Washington, D.C., Oct. 27--Recent accounting and management issues at Freddie Mac have triggered an opportunistic onslaught against the housing government sponsored enterprises (GSEs) that not only ignores the will of the people and the intent of decades of policymakers, but also threatens the economic recovery process that now is underway, according to the National Association of Home Builders (NAHB).
"The housing sector of the U.S. economy has turned in a truly heroic performance, through both the recession of 2001 and the job-losing recovery since then," said NAHB Chief Economist David Seiders. Without this performance, Seiders said, the recession would have been longer and deeper and the recovery process to date would have been even weaker. Home sales and housing production have provided strong direct support to both GDP and the job market, and strong increases in house values have generated a massive amount of equity that has been tapped by America's home owners to support healthy portfolio restructuring as well as spending on remodeling and a broad range of consumer goods and services.
"This remarkable housing performance could not have been staged without a world-class housing finance system that facilitates both home buying and mortgage refinancing, and the U.S. housing finance system is highly dependent on the secondary market GSEs -- Fannie Mae and Freddie Mac. It's perfectly clear that the presence of the GSEs in the secondary markets has lowered the cost of home mortgage credit and assured the ready availability of credit through a broad range of mortgage instruments tailored by the GSEs to the diverse needs of American households," said Seiders.
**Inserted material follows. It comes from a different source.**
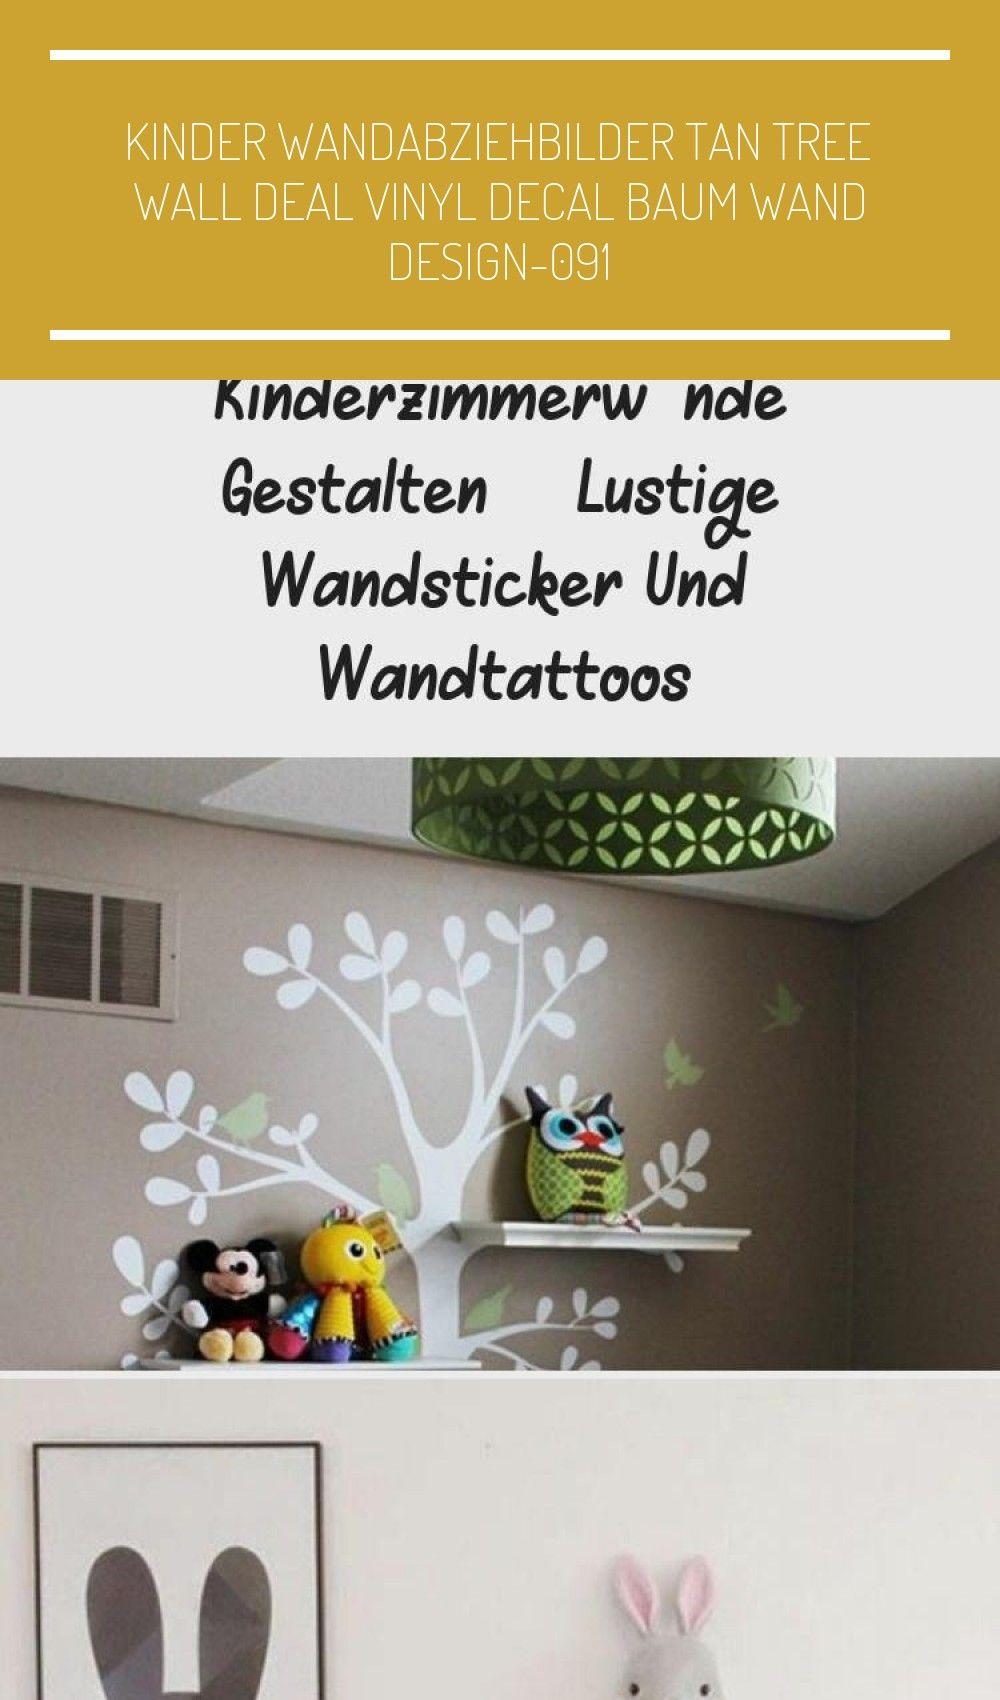 Kinderzimmerwände gestalten  lustige Wandsticker und Wandtattoos wandgestaltung eule
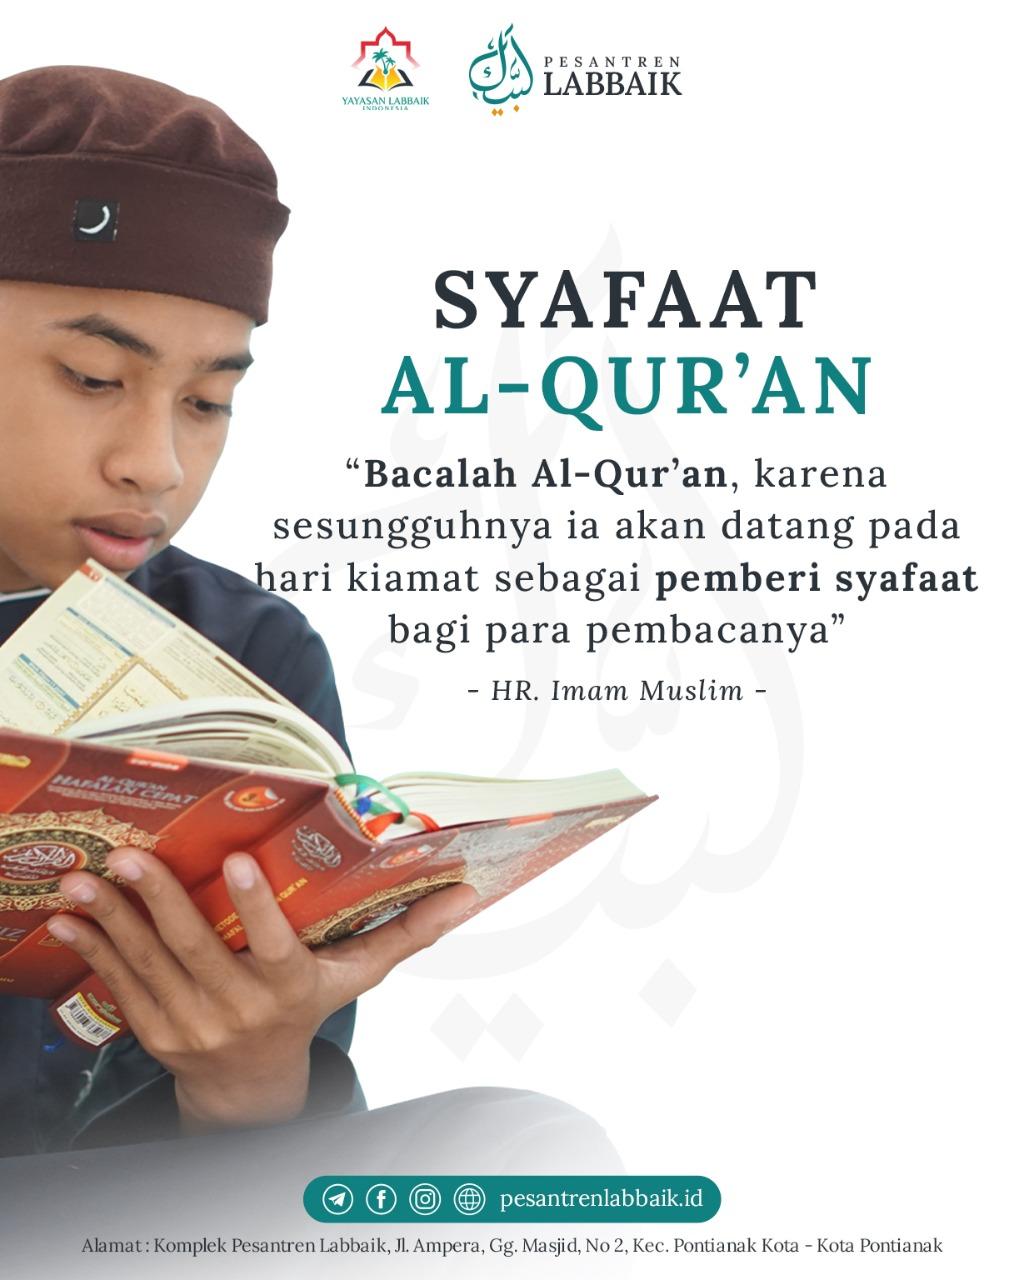 Syafaat Al-Qur'an

"It's understandable," he added, "that the recent problems at Freddie Mac have raised questions about the quality of regulation dealing with the safety and soundness of the GSEs. But anti-housing factions already have stretched 'regulatory reform' into the areas of mission oversight and program approval. And now we're hearing even more alarming suggestions out of the Treasury Department that would weaken or destroy the GSE status of Fannie and Freddie. Cutting the GSE's lines of credit to the Treasury would raise the cost of home mortgage credit and undermine housing's support to the economy and the job market. Indeed, just the suggestion caused immediate damage to GSE borrowing costs as well as to GSE stock values."
Eliminating Fannie and Freddie's government guarantee, as proposed yesterday by Congressional Budget Office Director Douglas Holtz-Eakin, would raise mortgage interest rates by an average quarter of a percentage point, he told the Senate Banking Committee. Such a move would increase housing costs for tens of millions of American families. At current mortgage rates, a quarter-point hike (i.e. 6% to 6.25%) on a $150,000 home loan would boost the mortgage payments by an average of $264 per year, or nearly $8,000 over the life of a 30-year loan. This added burden would be felt most acutely by low- income households and first-time buyers attempting to enter the housing market. Each quarter-point increase in mortgage interest rates would effectively prevent more than one million families from qualifying for a home loan.
The U.S. economy still is struggling toward full-fledged expansion, and a strong performance by the housing sector is essential to this process. Public airing of anti-housing and anti-GSE biases by Administration officials inevitably jeopardizes the current economic situation as well as the outlook for 2004, Seiders said.